ABSTRACT 53BP1 is a human BRCT protein that was originally identified as a p53-interacting protein by the Saccharomyces cerevisiaetwo-hybrid screen. Although the carboxyl-terminal BRCT domain shows similarity to Crb2, a DNA damage checkpoint protein in fission yeast, there is no evidence so far that implicates 53BP1 in the checkpoint. We have identified a Xenopus homologue of 53BP1 (XL53BP1). XL53BP1 is associated with chromatin and, in some cells, localized to a few large foci under normal conditions.
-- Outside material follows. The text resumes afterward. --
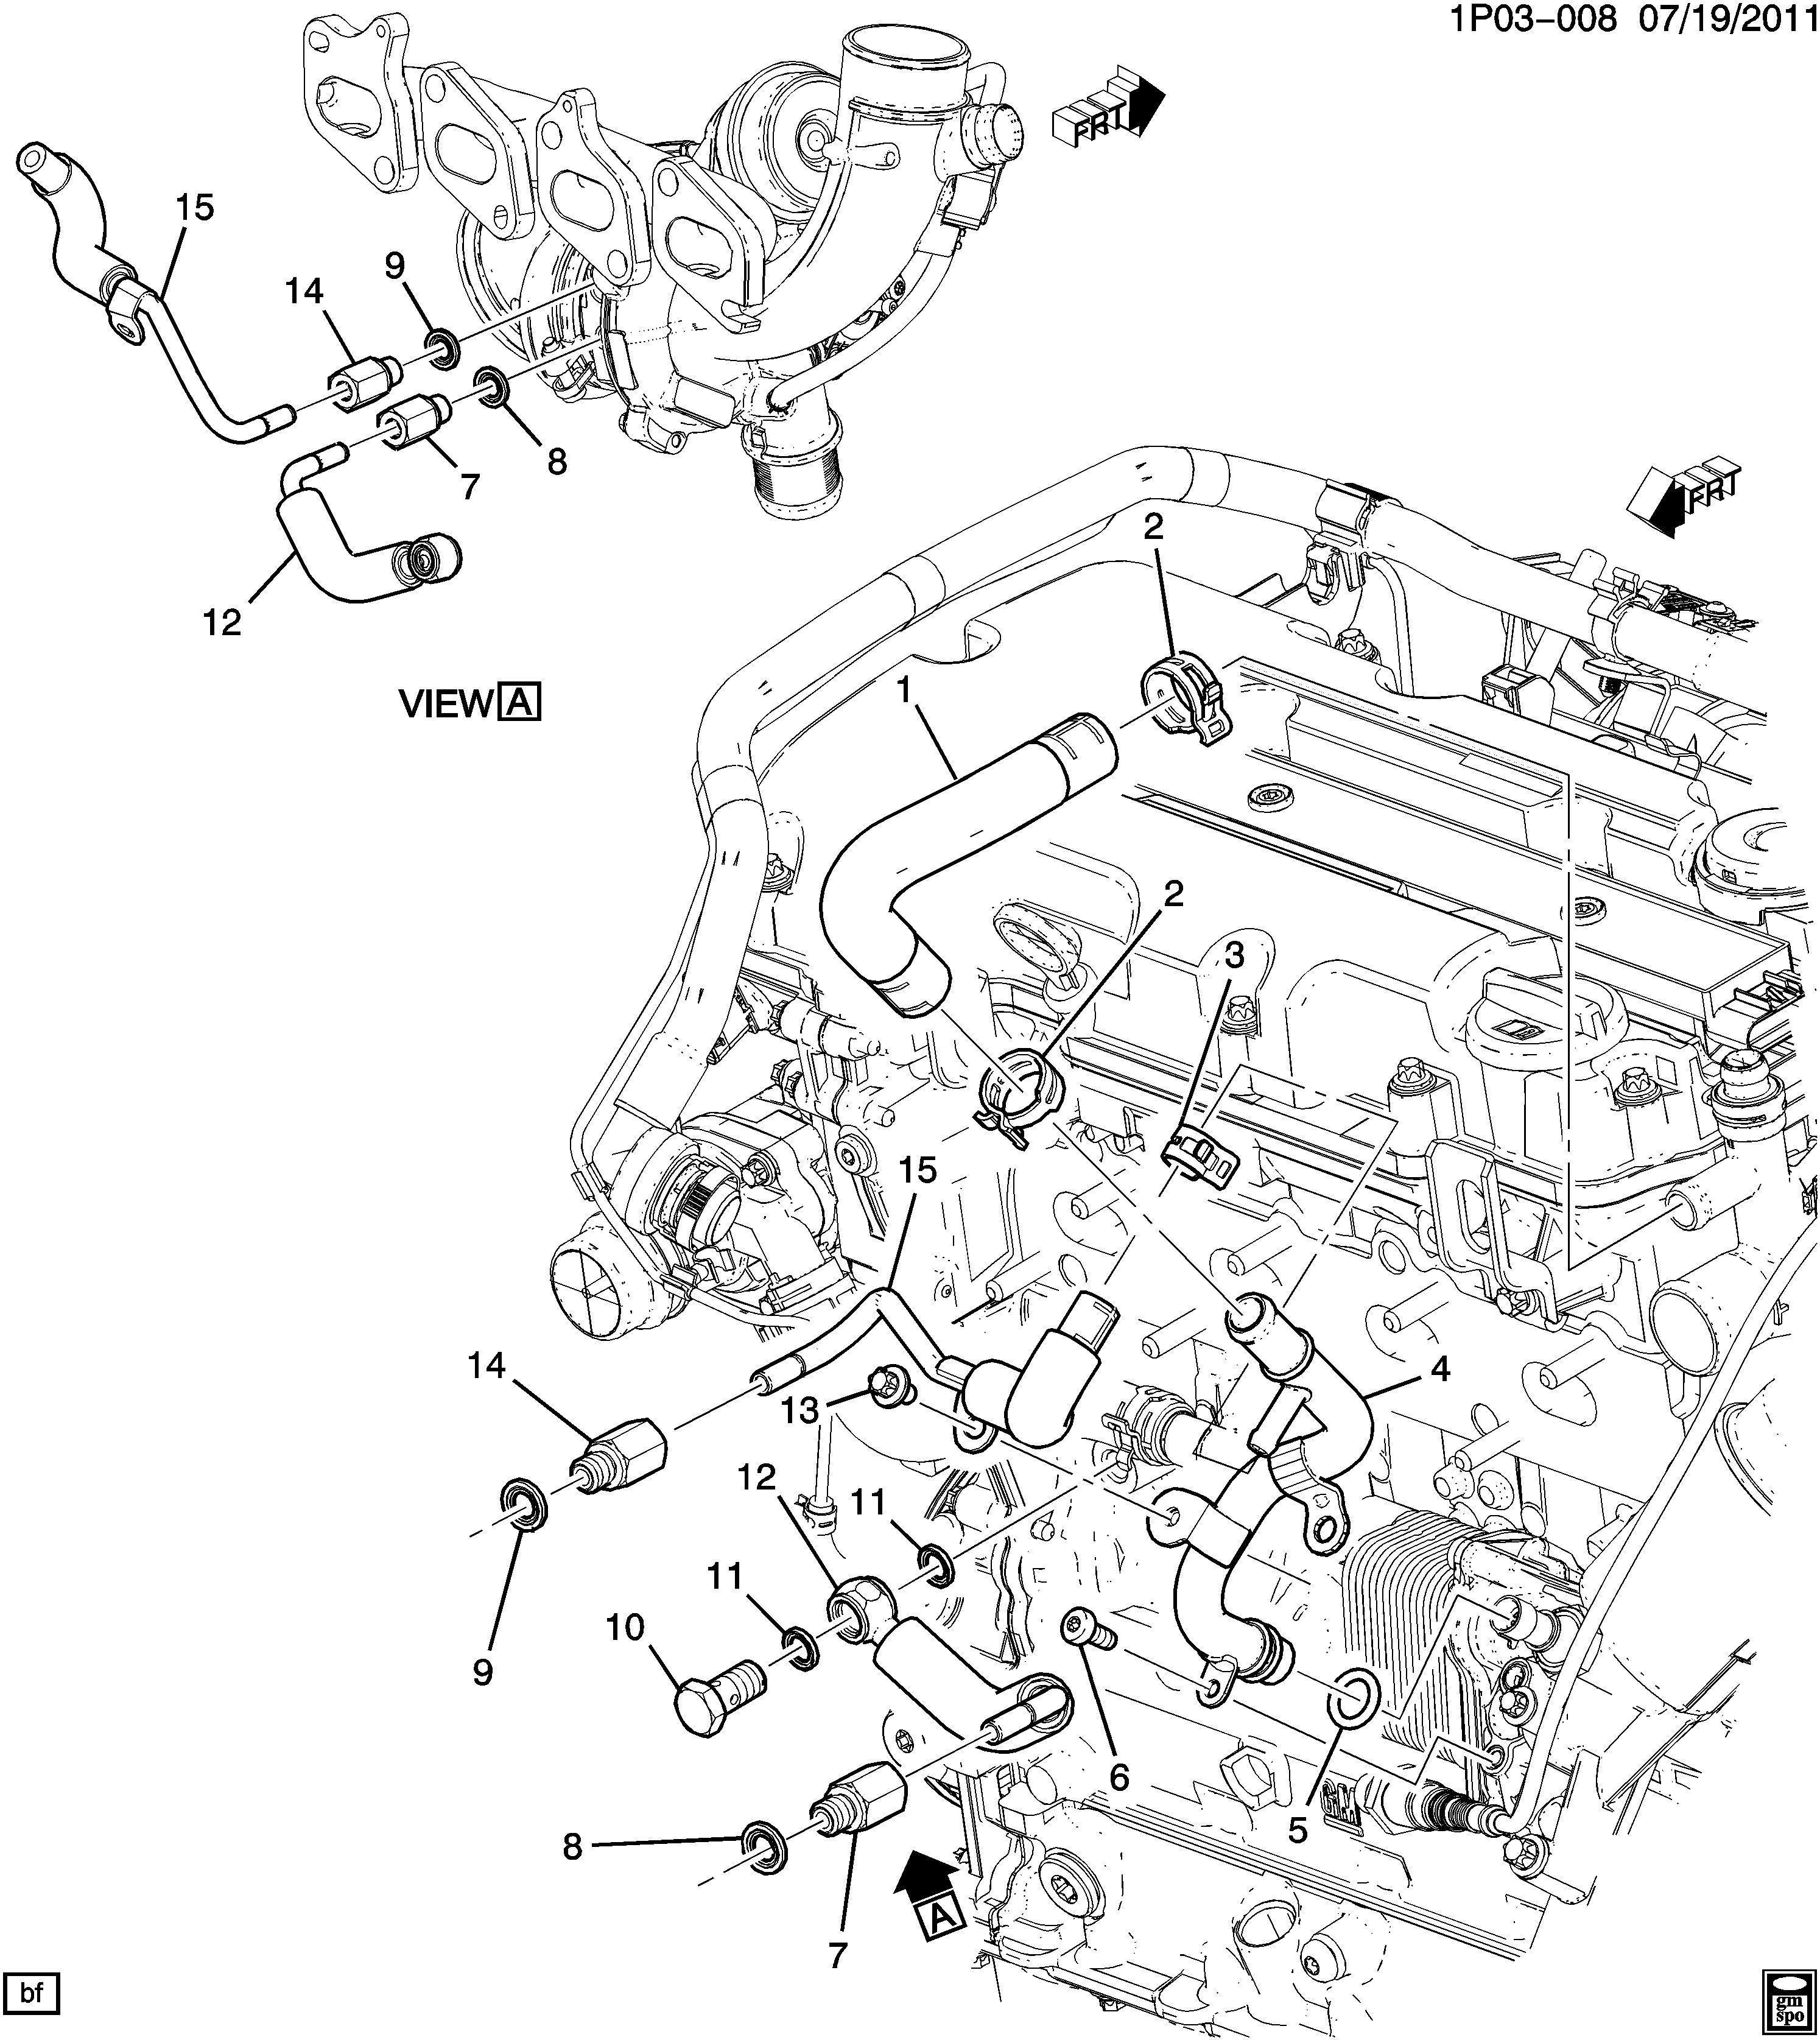 chevy vega wiring diagram vs 2928  cruze engine parts diagram furthermore chevy 305 engine  cruze engine parts diagram furthermore

Gamma-ray irradiation induces increased numbers of the nuclear foci in a dose-dependent manner. The damage-induced 53BP1 foci appear rapidly (in 30 min) after irradiation, and de novo protein synthesis is not required for this response. In human cells, 53BP1 foci colocalize with Mrel1 foci at later stages of the postirradiation period. XL53BP1 is hyperphosphorylated after X-ray irradiation, and inhibitors of ATM-related kinases delay the relocalization and reduce the phosphorylation of XL53BP1 in response to X-irradiation. In AT cells, which lack ATM kinase, the irradiation-induced responses of 53BP1 are similarly affected. These results suggest a role for 53BP1 in the DNA damage response and/or checkpoint control which may involve signaling of damage to p53.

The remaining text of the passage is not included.